Z kolei "Osobisty Jezus" tegoż samego reżysera to filmowy scenariusz przeniesiony wprost na scenę. To historia Ryśka - boksera, który wychodzi z więzienia i sprostać musi rzeczywistości polskiej prowincji na tzw. "ziemiach odzyskanych". A rzeczywistość ta skrzeczy - brat dziewczynę Ryśkowi uwiódł, a ojcowiznę chce sprzedać - o zgrozo - Niemcowi; dawni kompani-małomiasteczkowi gangsterzy ciągną w dół. Rysiek modli się słowami niewidomego spod Jerycha, "Jezusie, Synu Dawida, ulituj się nade mną", w wolnych chwilach boksuje z miejscowym księdzem, który wygłasza swoiste motto spektaklu, mówiące o tym, że Bóg kocha silnych, a nie słabych - zatem, Rysiek, weź się w garść. Fabuła dąży poniekąd do stawiania uniwersalnych pytań - również teologicznych, do społecznego realizmu w odniesieniu do rzeczywistych problemów prowincji. W moim odczuciu dążenie to przegrywa jednak w zestawieniu z papierowymi postaciami, nieco naiwnym moralizatorstwem, religijną egzaltacją. Nie brak tego wszystkiego w młodym polskim kinie, opowiadającym od pewnego czasu tego typu "historie z życia wzięte" - co nie zmienia faktu, że pojawiają się wśród tych filmów pozycje bardzo interesujące. By oddać sprawiedliwość "Osobistemu Jezusowi", stwierdzić trzeba, że inscenizacja teatralna tekstu tego rodzaju, nadaje mu pewien wymiar intymności. Reżyseria tego spektaklu lepsza jest od jego scenariusza. Wojcieszek, operując minimalistycznymi środkami scenicznymi, rozgrywa akcję bardzo blisko widzów, otaczających kwadratową przestrzeń sceny z czterech stron - niczym bokserski ring. Oszczędnie, lecz precyzyjnie organizuje się tu niewielką przestrzeń, sprawnie wydobywając znaczenia ze skromnych zmian prostej scenografii czy gestów aktorów.
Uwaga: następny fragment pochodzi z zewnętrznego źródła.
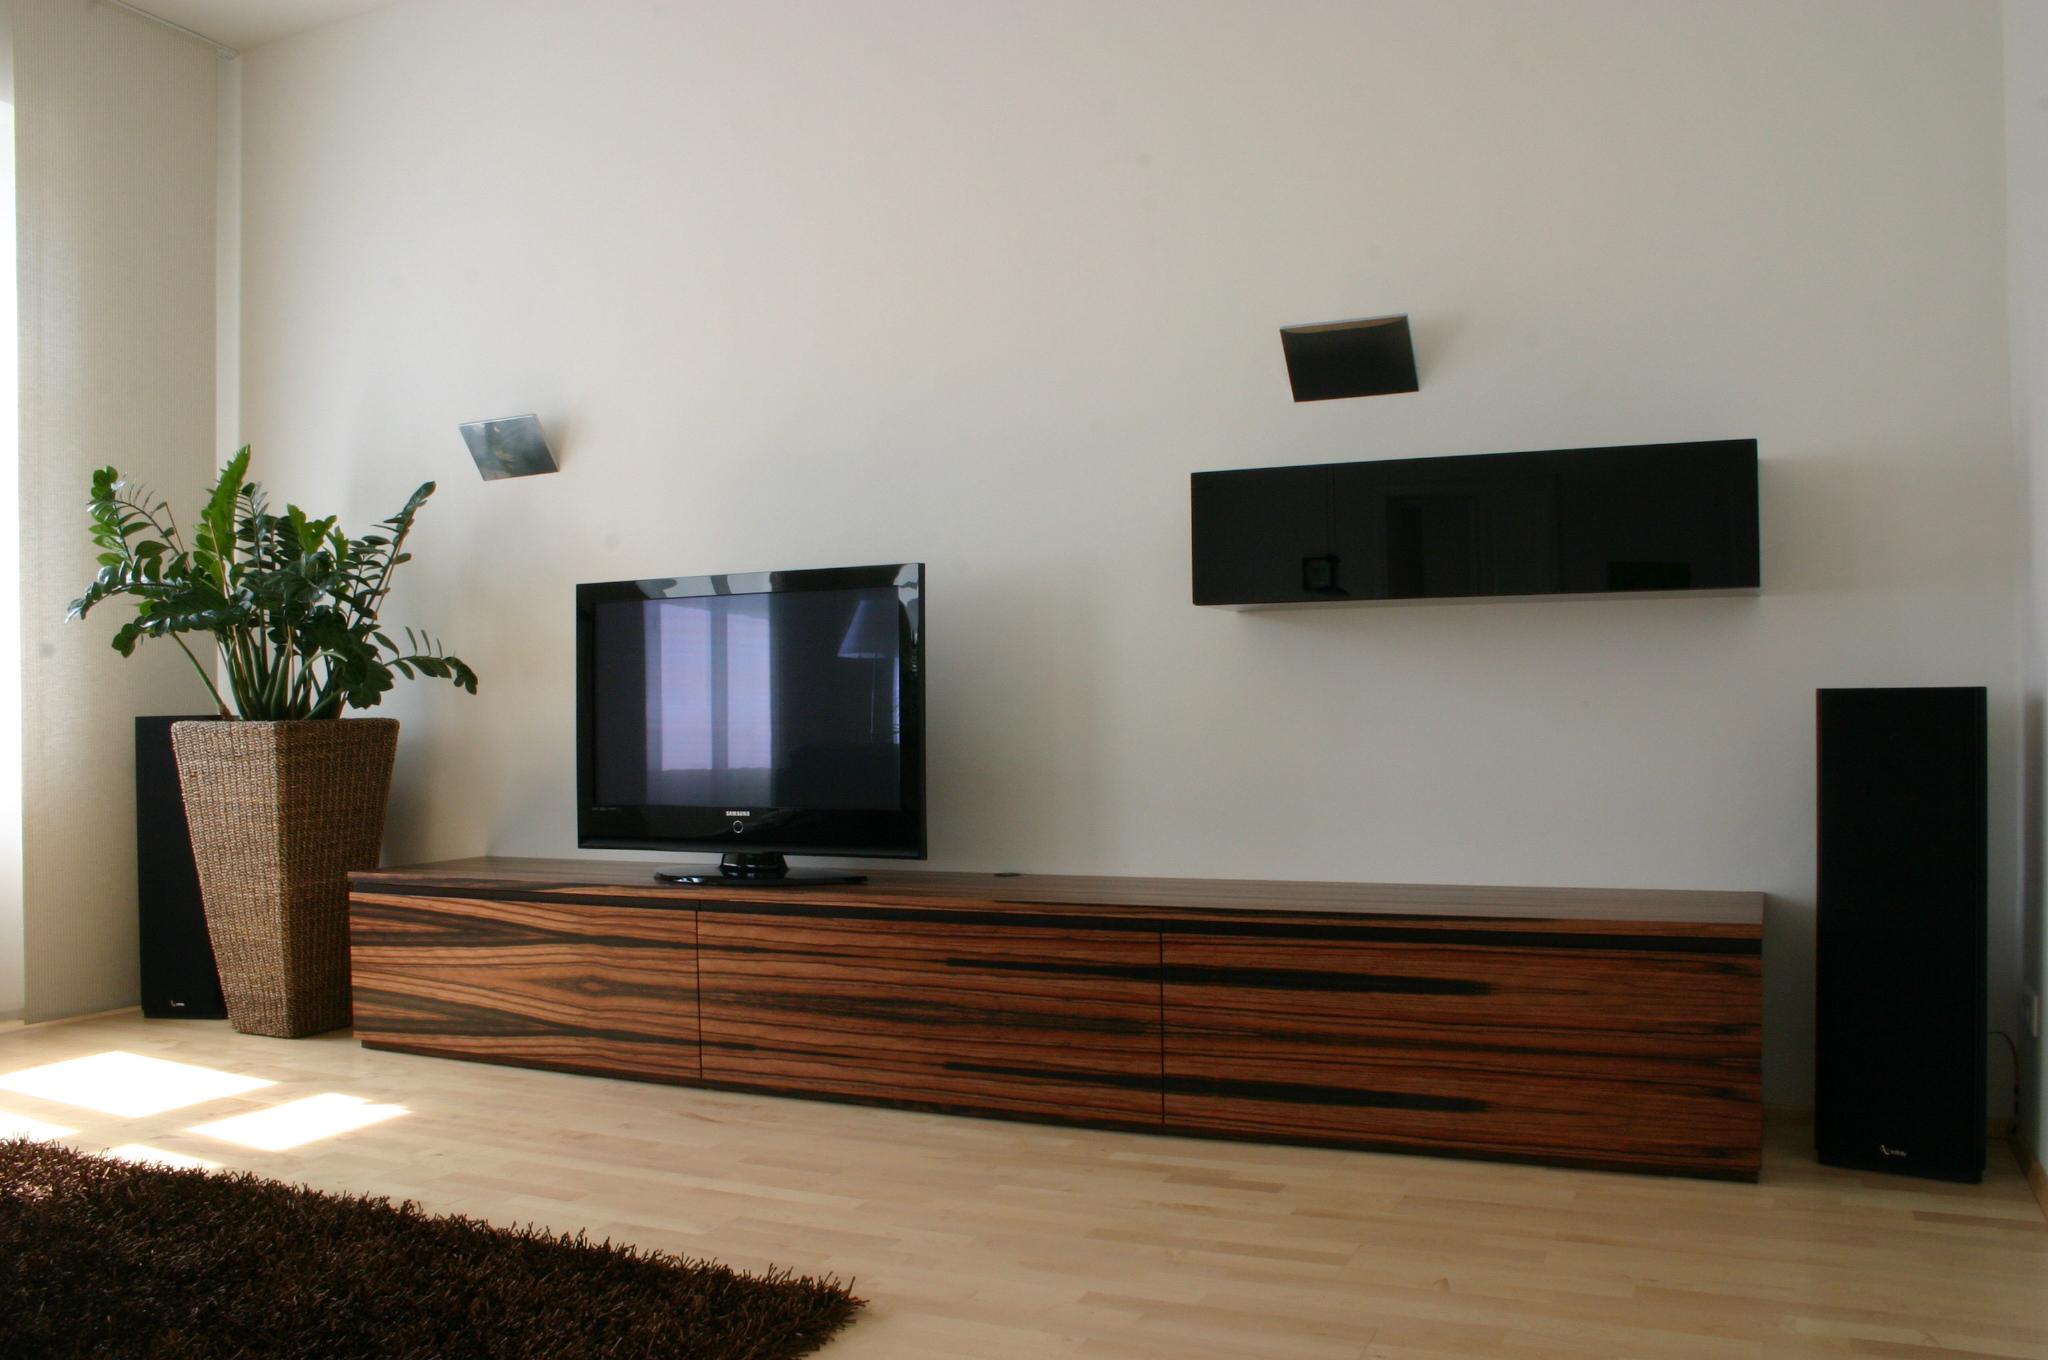 WOHNEN - Ob Wohnzimmer, Schlafzimmer, Küche, oder Badezimmer, wir bieten individuelle Lösungen für Ihren Wohnraum.

Na antypodach Wojcieszkowego sposobu mówienia o problemach społecznych, leży polityczny teatr René Pollescha, zwycięzcy tegorocznej edycji festiwalu. Reżyser z berlińskiego Prateru rozpina swą sztukę między dosadnymi, ironicznymi środkami w rodzaju umieszczenia tabliczek z cenami na wszystkich elementach scenografii, na aktorkach zaś z wysokością ich gaży, z drugiej zaś strony strategiami mającymi na celu dezorientację widza. Teatr Pollescha pełen jest medialnych klisz, cytatów z politycznych i ekonomicznych rozpraw oraz telewizyjnej i gazetowej publicystyki. Na scenie omawia się charyzmę kanclerz Merkel, przytacza całe kaskady zapożyczonych tekstów. Słowa płyną wartkim potokiem, aktorki toczą między sobą dyskusje - m.in. o wątpliwościach związanych z etyką zawodową aktora, przytaczając przykład Sigourney Weaver, odtwarzającej postać chorej na autyzm.
 
Jednocześnie to, co oglądamy, pogłębia wrażenie chaosu. Na stelażach rozpięte są olbrzymie fotografie, płachty fototapety przedstawiające witryny sklepów, fasady budynków. Scenografia balansuje między fotorealizmem - a całkowitą prowizorycznością, wielkie zdjęcia często spadają na scenę, po czym są niespiesznie umocowywane przez aktorki. Trzeba tu dodać, że większa część akcji odbywa się właśnie za tą warstwą prowizorycznej iluzji - fotografie służą jednocześnie jako kurtyny oddzielające wykonawców od publiczności. Techniczna reprodukcja obrazu służy tu zatem bardziej ukrywaniu, niż pokazywaniu rzeczywistości. Zarazem swoistą "protezą", którą otrzymuje widz, by wniknąć w ukryte zdarzenia, znów jest techniczna reprodukcja obrazu - pełnoprawną uczestniczką widowiska jest kobieta-operator kamery wideo, podążająca za aktorkami i przekazująca obraz "na żywo" na wielki ekran ustawiony przed publicznością. To kamera decyduje o tym, co zobaczymy, momentami ukazując detale, a pomijając całość akcji. Przestrzeń jest zatem w wieloraki sposób zmediatyzowana - a ukazywanie świata za pośrednictwem technologii odsłania tylko fragmentarycznie to, co sama technologia wcześniej całkiem zakryła.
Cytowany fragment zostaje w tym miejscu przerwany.